Given an $n$-bit Boolean function with a complexity measure (such as block sensitivity, query complexity, etc.) $M(f) = k$, the hardness condensation question asks whether $f$ can be restricted to $O(k)$ variables such that the complexity measure is $Ω(k)$? In this work, we study the condensability of block sensitivity, certificate complexity, AND (and OR) query complexity and Fourier sparsity. We show that block sensitivity does not condense under restrictions, unlike sensitivity: there exists a Boolean function $f$ with query complexity $k$ such that any restriction of $f$ to $O(k)$ variables has block sensitivity $O(k^{\frac{2}{3}})$. This answers an open question in Göös, Newman, Riazanov, and Sokolov (2024) in the negative. The same function yields an analogous incondensable result for certificate complexity. We further show that $\mathsf{AND}$(and $\mathsf{OR}$) decision trees are also incondensable. In contrast, we prove that Fourier sparsity admits a weak form of condensation.

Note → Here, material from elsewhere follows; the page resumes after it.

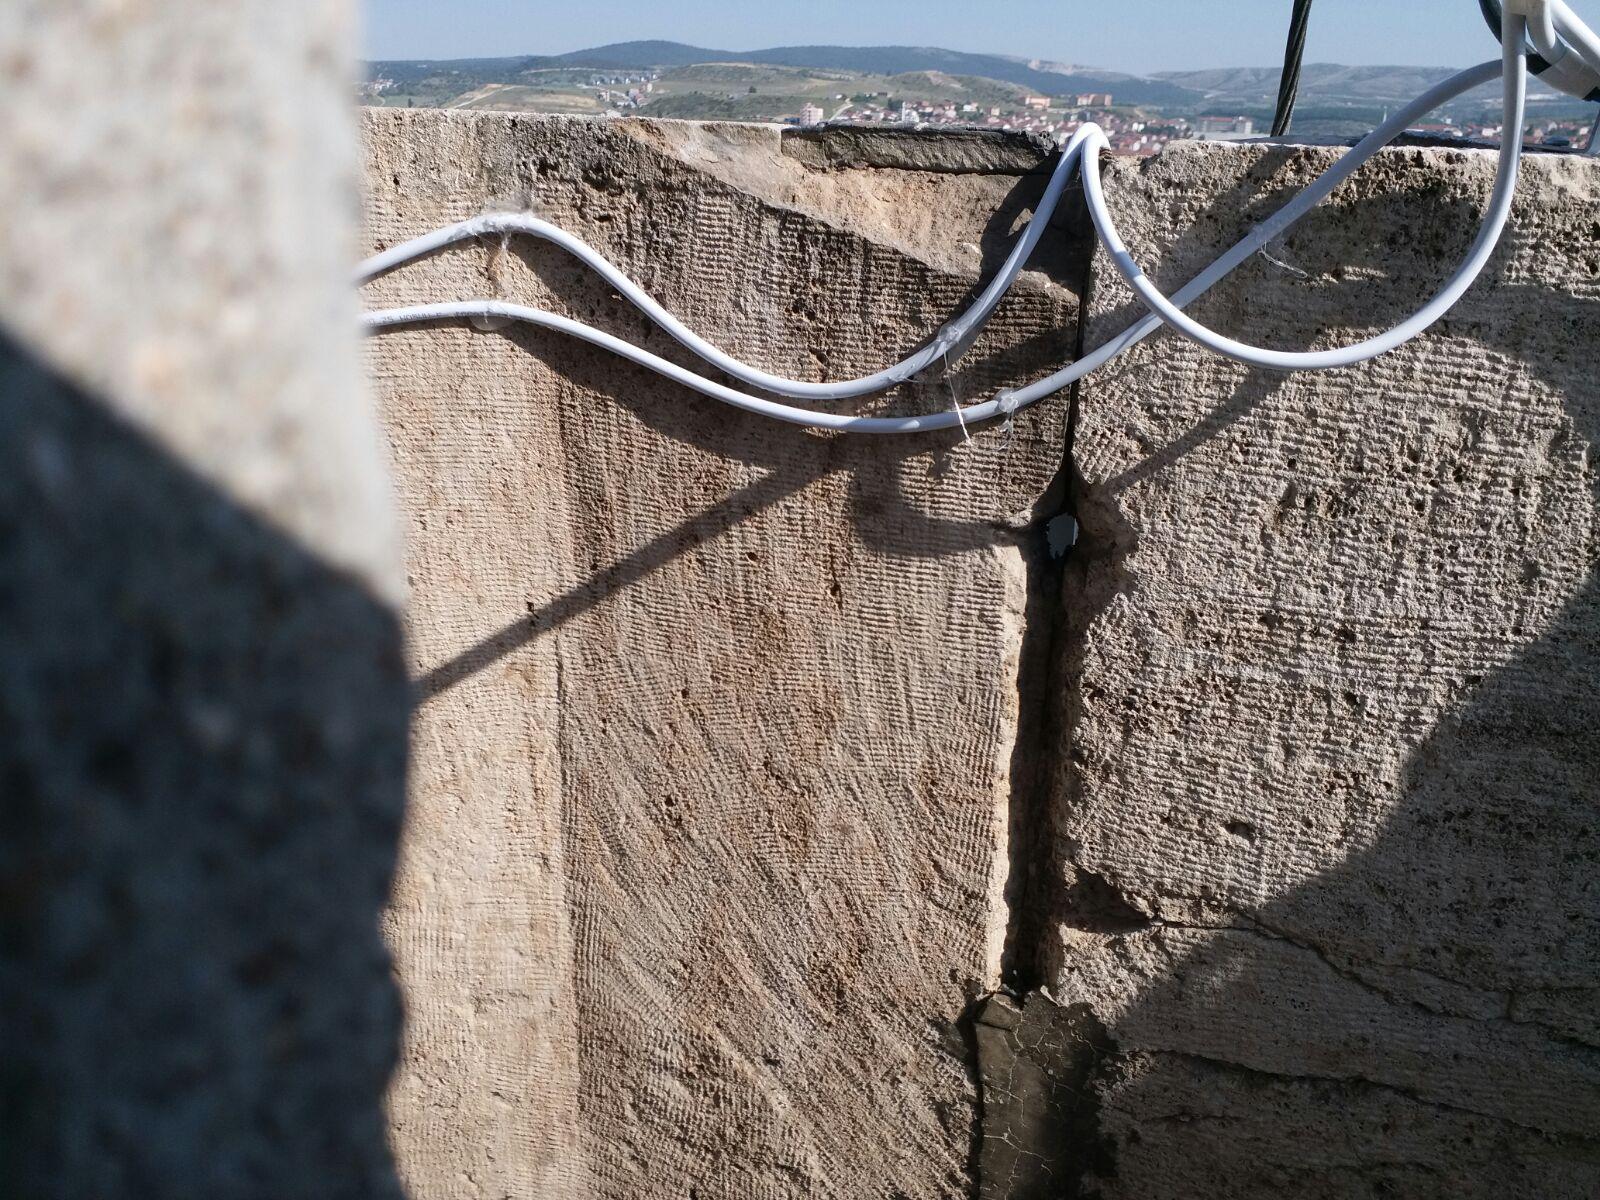 tarihi-cami-tehdit-altinda2.jpg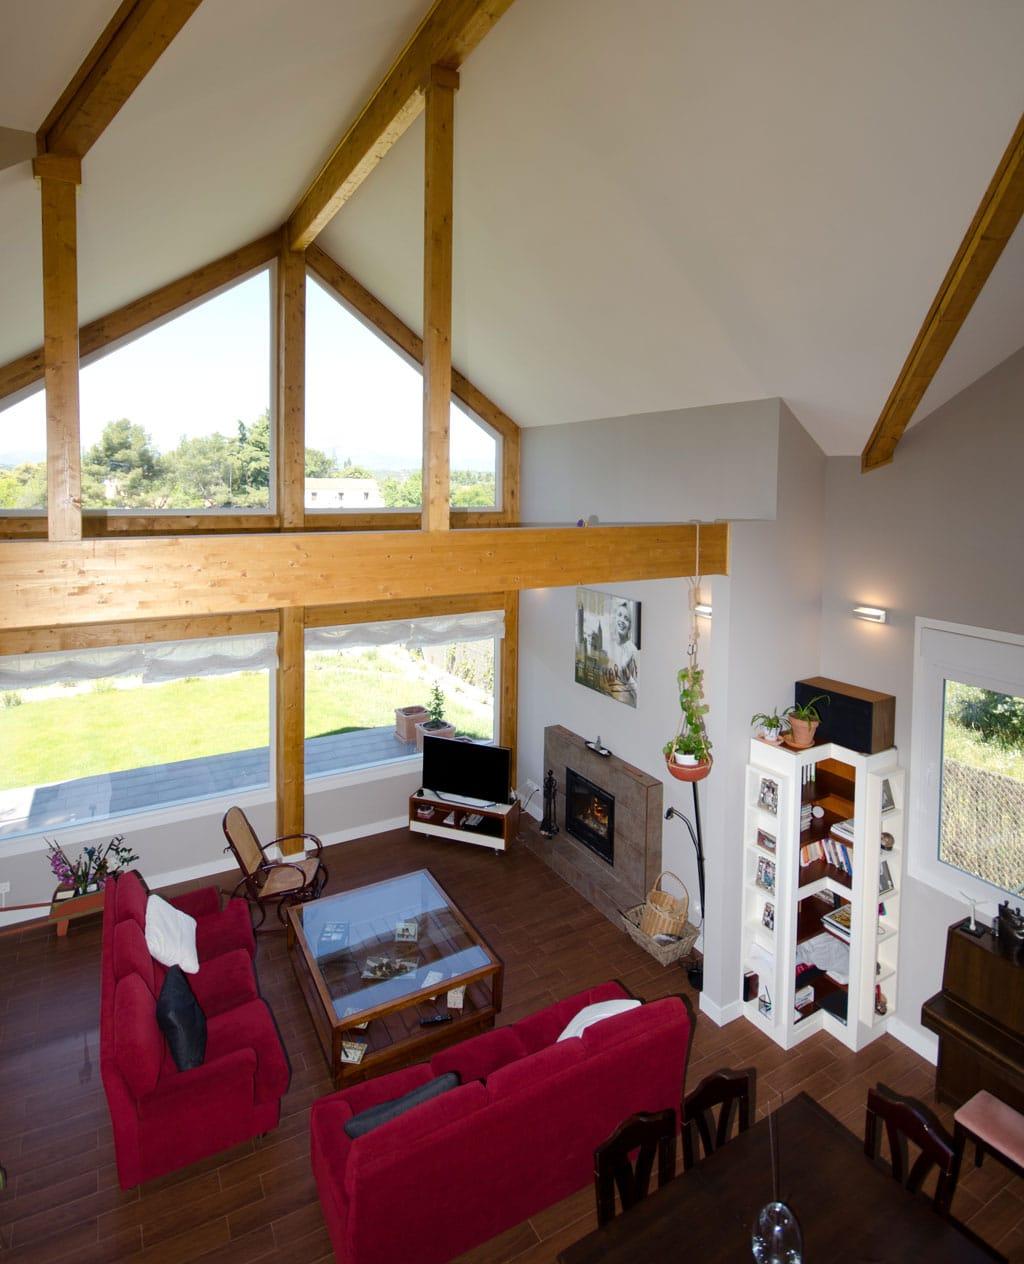 Casa de madera broadback dise ada y construido por canexel - La casa de madera valencia ...

翻译：给定一个$n$位布尔函数，其复杂度度量（如块灵敏度、查询复杂度等）为$M(f) = k$，硬度凝聚问题询问：是否可以将$f$限制在$O(k)$个变量上，使得复杂度度量仍为$Ω(k)$？本文研究了块灵敏度、证书复杂度、$\mathsf{AND}$（及$\mathsf{OR}$）查询复杂度与傅里叶稀疏性的凝聚性。我们证明，与灵敏度不同，块灵敏度在限制下不具备凝聚性：存在一个查询复杂度为$k$的布尔函数$f$，使得$f$在任意$O(k)$个变量上的限制的块灵敏度仅为$O(k^{\frac{2}{3}})$。这否定了Göös、Newman、Riazanov与Sokolov（2024）中提出的一个开放性问题。同一函数对证书复杂度也产生了类似的不可凝聚结果。我们进一步证明$\mathsf{AND}$（及$\mathsf{OR}$）决策树同样不具备凝聚性。相比之下，我们证明了傅里叶稀疏性允许一种弱形式的凝聚。